Several algorithms have been proposed to solve large-scale least-squares problems in various distributed and parallel environments [1], returning solutions whose accuracy is close to machine precision. Recent approaches for large-scale least-squares problems include communication-avoiding factorizations [2], which scale well for a variety of shared memory and distributed memory platforms [3] and are based on the classic QR decomposition algorithm, an O(mn²) algorithm (assuming m ≥ n).

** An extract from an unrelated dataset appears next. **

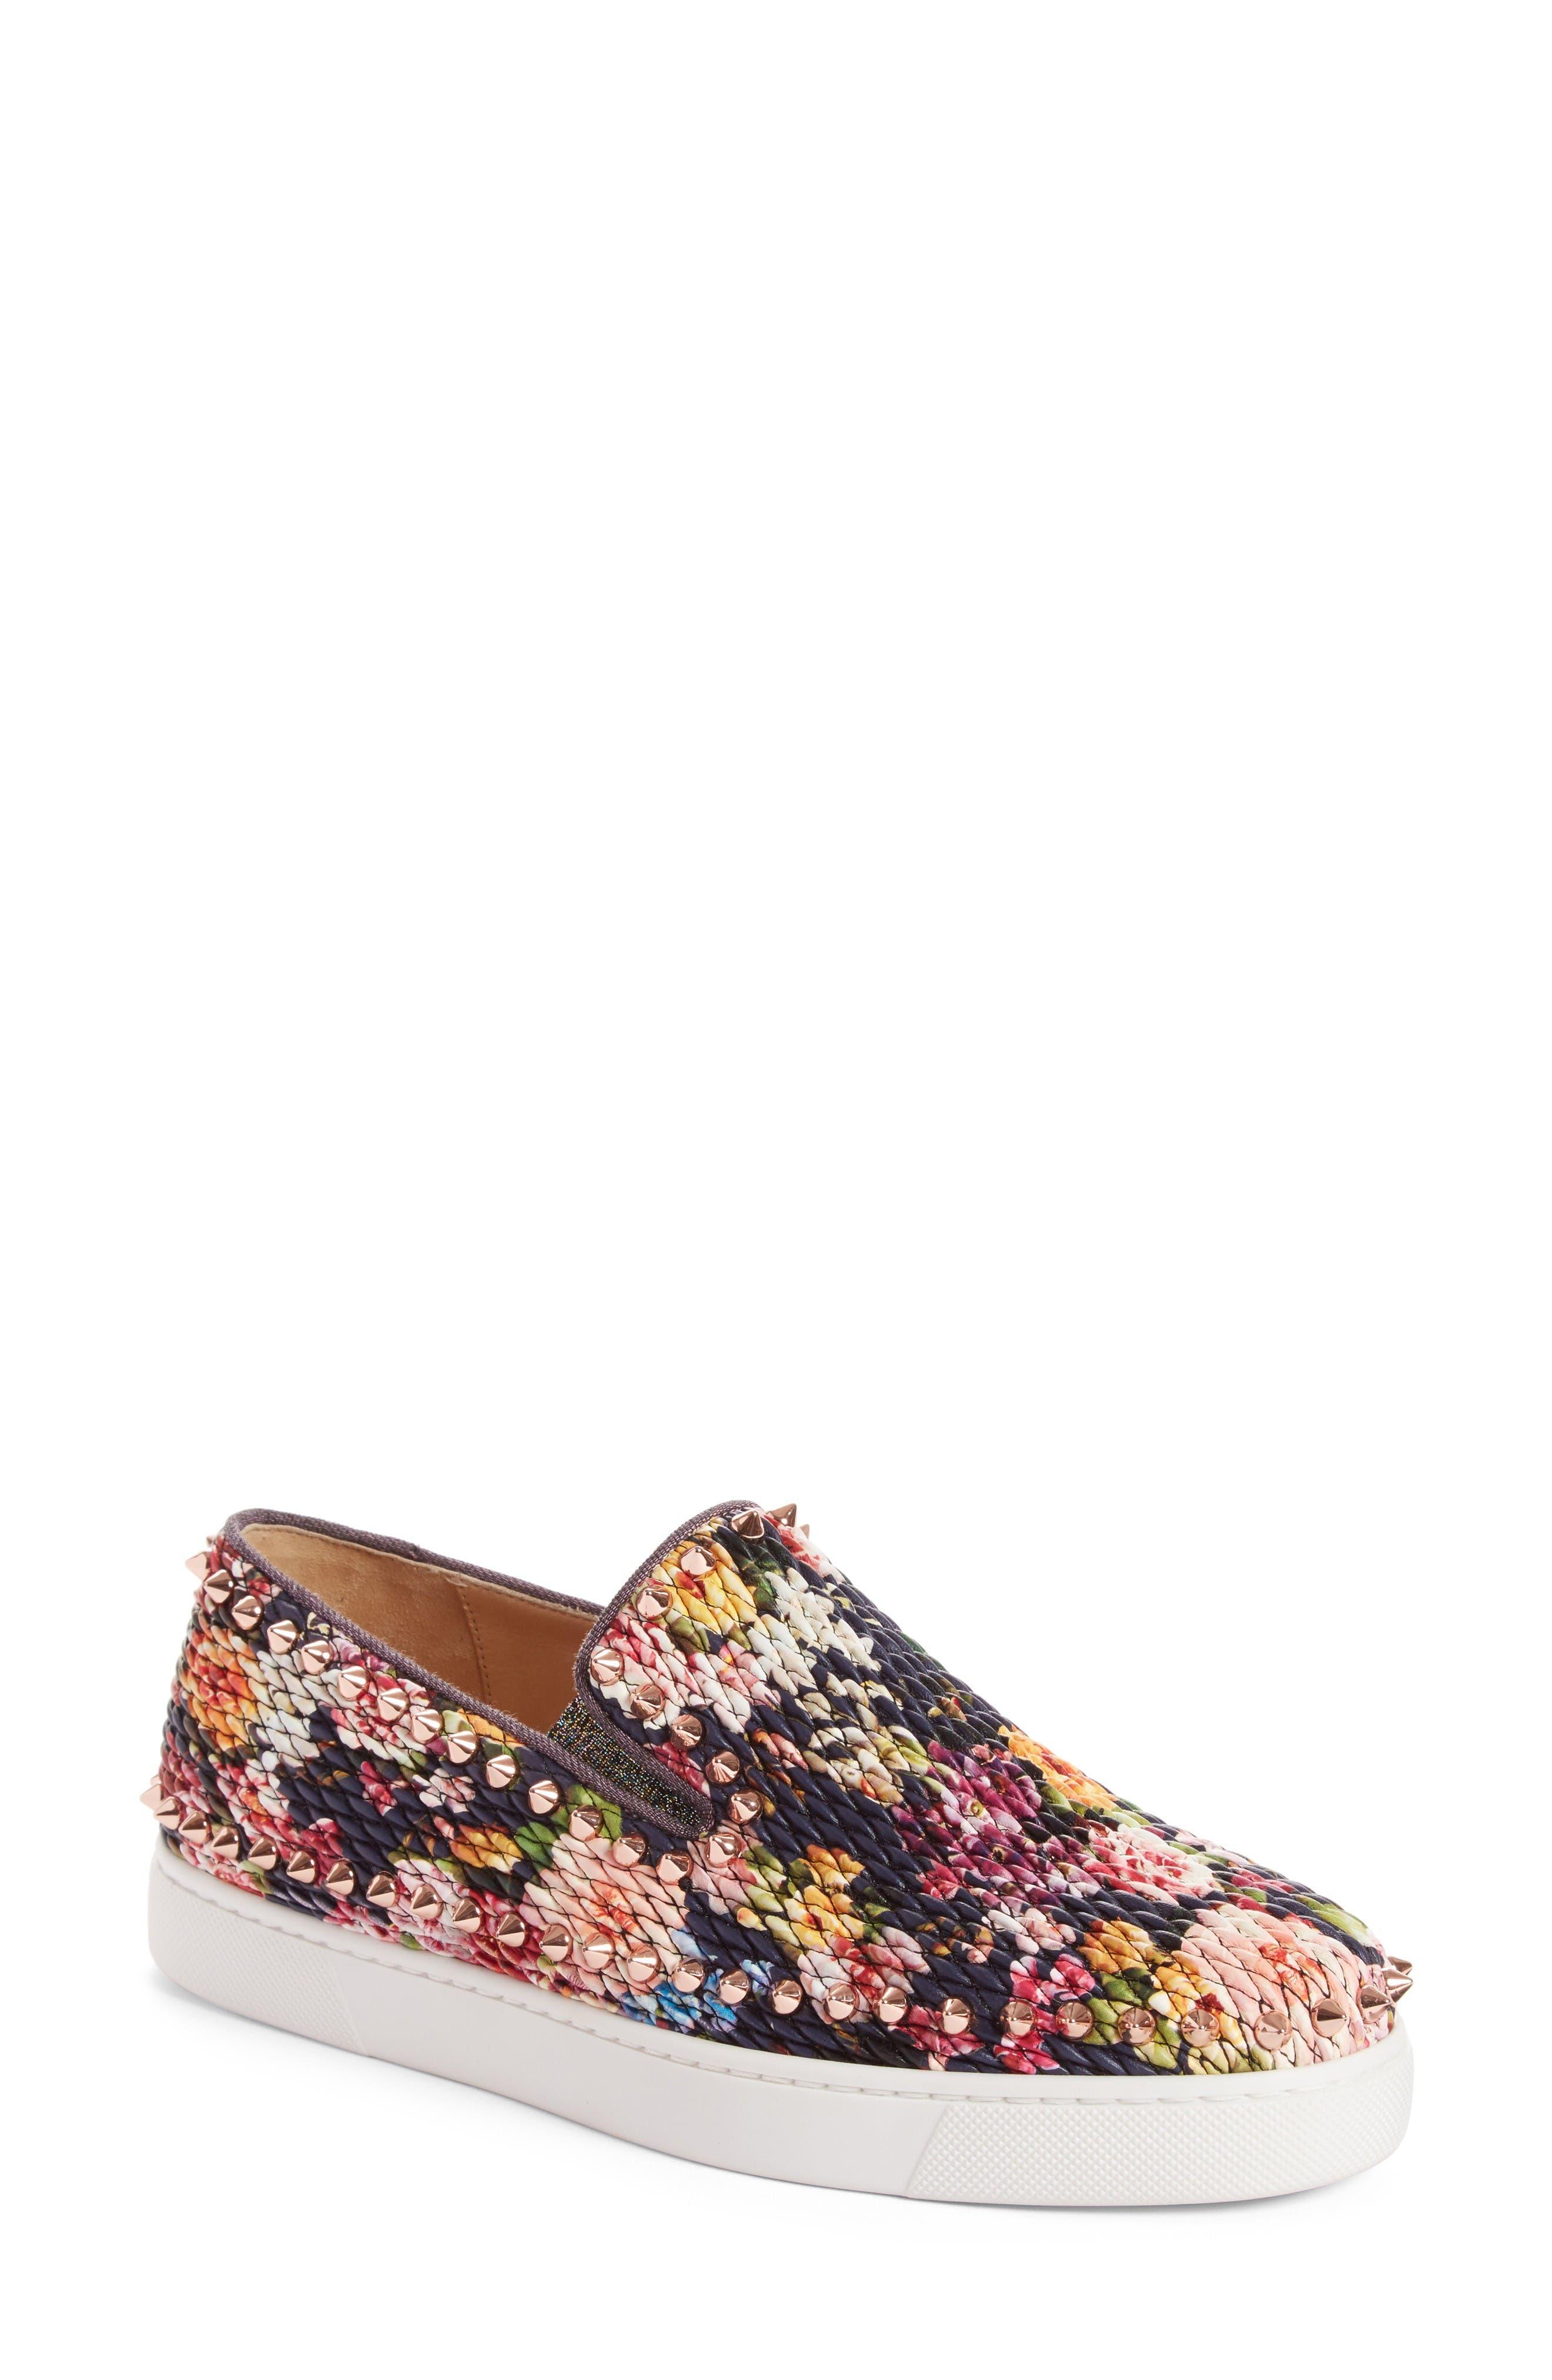 Christian Louboutin Pik Boat Floral Slip-On Sneaker (Women)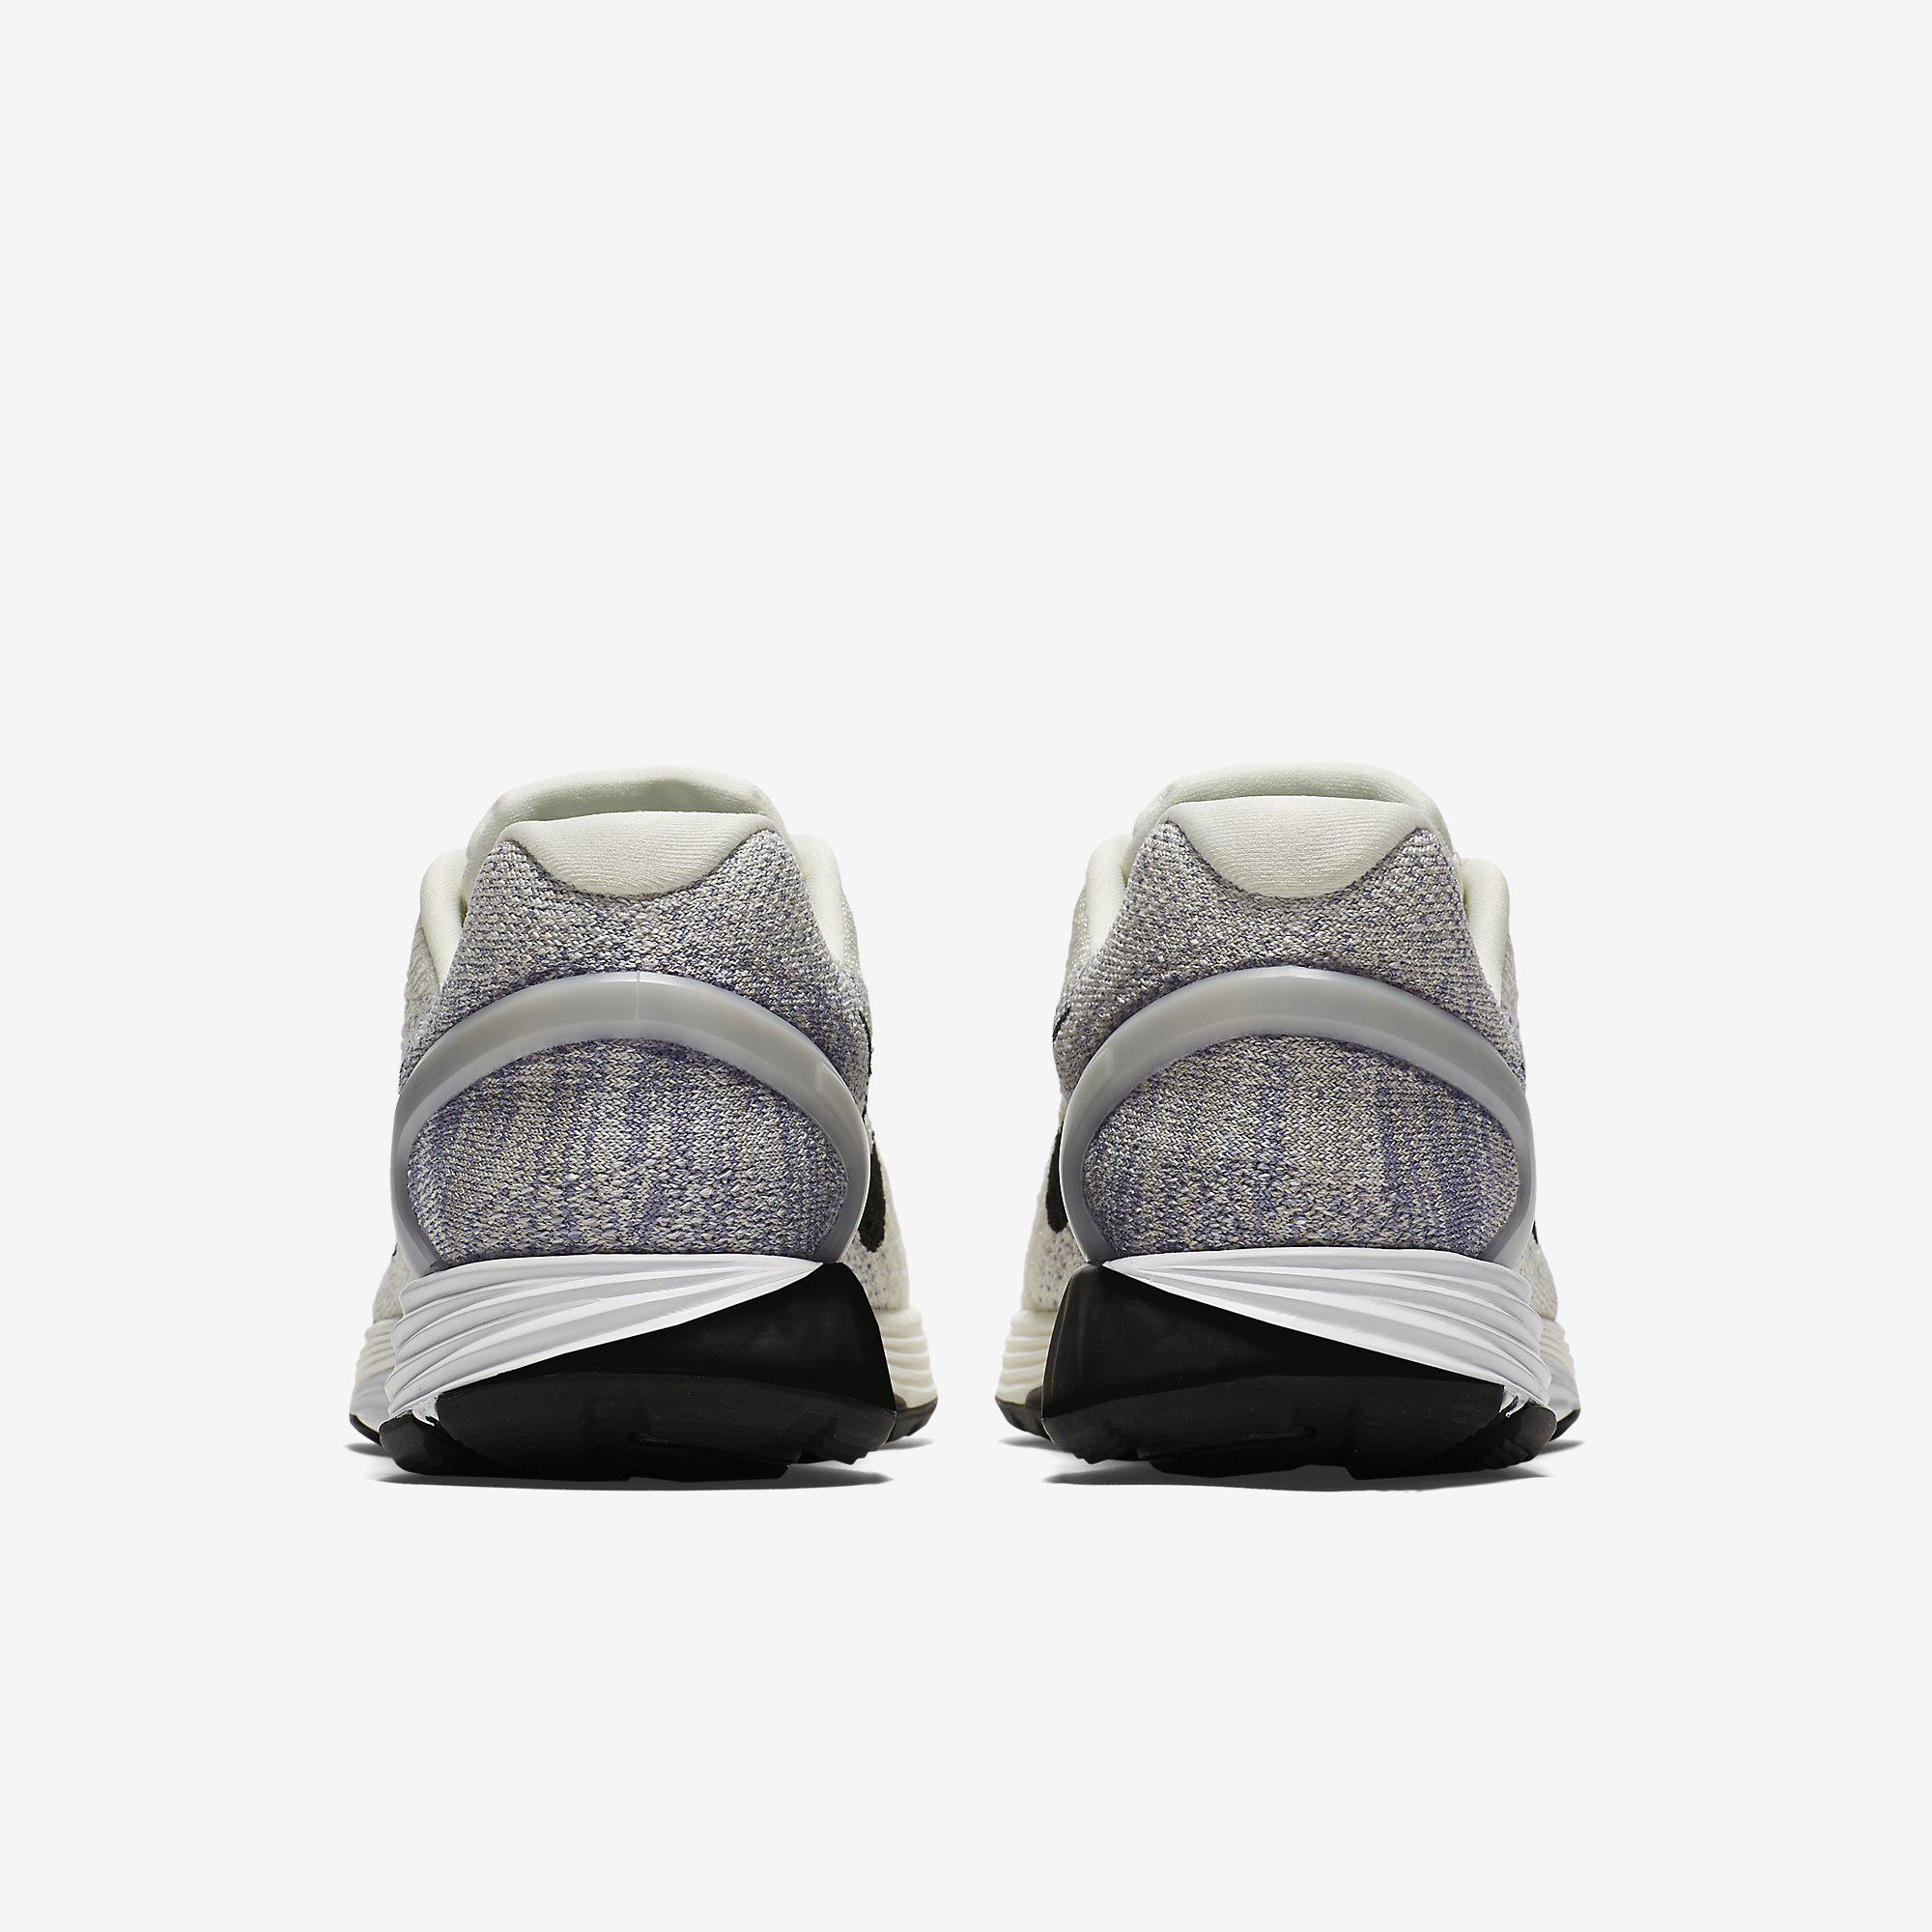 wholesale dealer 3ef34 bb625 Nike Womens LunarGlide 7 Running Shoes - White

Recent years have witnessed an explosion of research on so-called Randomized Numerical Linear Algebra [4] (or RandNLA for short) algorithms, which leverage the power of randomization in order to perform standard matrix computations. One of the core problems that have been extensively researched in this emerging field is the least-squares regression problem of Eq. (1). Sarlos [5] and Drineas et al. [6] introduced the first randomized algorithms for this problem. These algorithms are based on the application of the sub-sampled Randomized Hadamard Transform to the columns of the input matrix in order to create a least-squares problem of smaller size that can be then solved exactly and whose solution provably approximates the solution of the original problem with very high probability. This was followed by the work of Rokhlin and Tygert [7], who used a subsampled Randomized Fourier Transform to form a preconditioner and then used a standard iterative solver to solve the preconditioned problem. At the same time, Avron et al. [8] introduced Blendenpik, an algorithm and a software package which was the first practical implementation of a RandNLA dense least-squares solver that consistently and comprehensively outperformed state-of-the-art implementations of the traditional QR-based O(mn²) algorithms. Since then, there has been extensive research on RandNLA algorithms for regression problems; see Yang et al. [9] for a recent survey.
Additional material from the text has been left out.